Wednesday, 13 March 2013

Pop music in an age of austerity

Getting ready for next week's Budget? All set to see what that evil, pursed-lipped fuckpig Osborne can throw at the already marginalised next? Feel like starting some fires? Then why not listen to Autumns?

Autumns is, as far as I can make out, one person called Christian Donaghey from Derry, and he makes a sort of claustrophobic pop music that sounds like a thousand frustrated screams condensed into two and a half minutes. It's heavy on the reverb, and sounds like it was played on a guitar bought from Woolworths in 1978, and recorded in the bath.

There are four tracks on the Autumns soundcloud. 'Tired Eye' rattles and rolls and sounds like Eddie Cochrane playing in a cave. 'I Will Not Go' has a bastardised 'Be My Baby' drum line, and amateur Duane Eddy guitar riff... it's generally pretty thrilling. 'Who Would Have Thought' starts like a Joy Division number and never really breaks out the laffs, but is deeply enjoyable all the same, with Donaghey mumbling away in the background like some bitter old crooner...  I suspect he's a mere strip of lad, mind. 'Keep on Sinking' sounds like the music that should be on all ghost train rides if these seaside types are serious about making them scary.

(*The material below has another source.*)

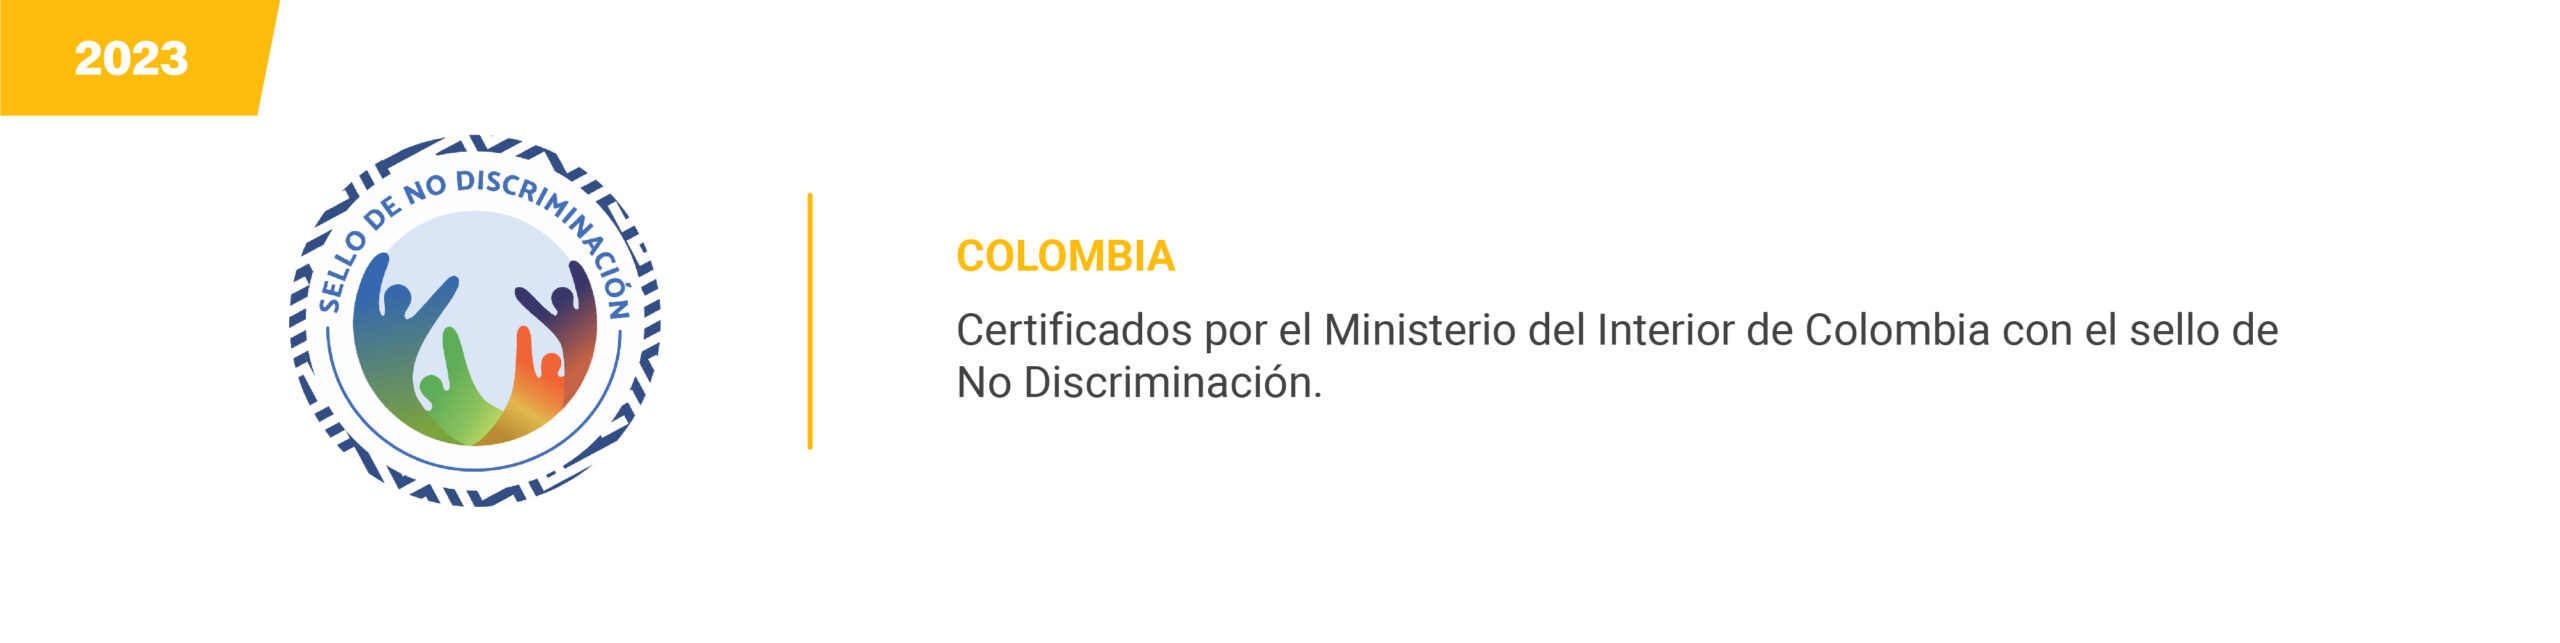 Colombia - No discriminación
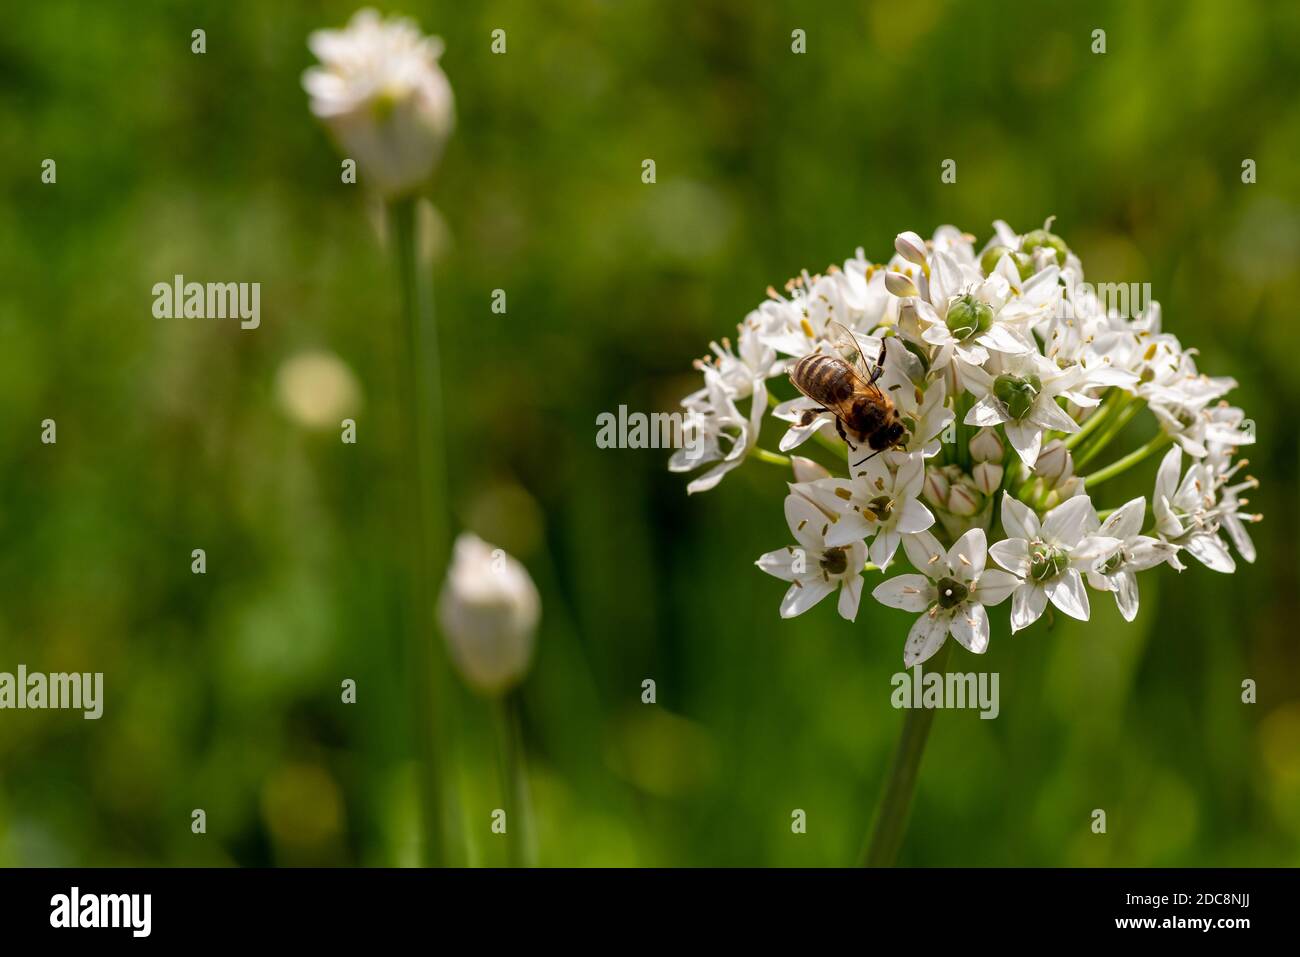 Blütenstand von Knoblauch Schnittlauch mit einer Biene, zwei weitere, noch geschlossene Blüten im verschwommenen Hintergrund links Stockfoto

Take all of this and then listen to it whilst you're looking at a photo of George Osborne. I can't be held responsible for your actions.

Cave Ghosts, meanwhile, seem a happier, more fluffy prospect - but no less delicious. From Dublin, they sound "like cats singing sea shanties", and, forgive me, but I'm trying hard to see how that can be a bad thing.

The band has some music available here, and it's all Very Nice Indeed. In many way Cave Ghosts remind me of Slow Down Tallahassee, with their "aahh, ahhhs", "oooh, ooohs" and general ability to, y'know, write deadly addictive pop songs. 'Hideaway' is such a thing, and purrs hither and thither with its jaunty keys and crystal clear vocal.  Meanwhile, 'La Concha' nearly gets funky before simmering down into something the dearly-departed Orca Team would be proud of. Last up is 'When You Go Away', a sun-drenched uk*lele number which begs to be played on a beach whilst a monkey waiter rubs suntan lotion into your back, and you're served pints of lager by your favourite football player. It's all very dreamy.

Two very different new musical delights, then, but both of them drag you out of this world of piss and shit, and into a much, much nicer place. If Autumns make you want to go out and kick a car, then Cave Ghosts are there to put a plaster on your toe afterwards. Bless them both.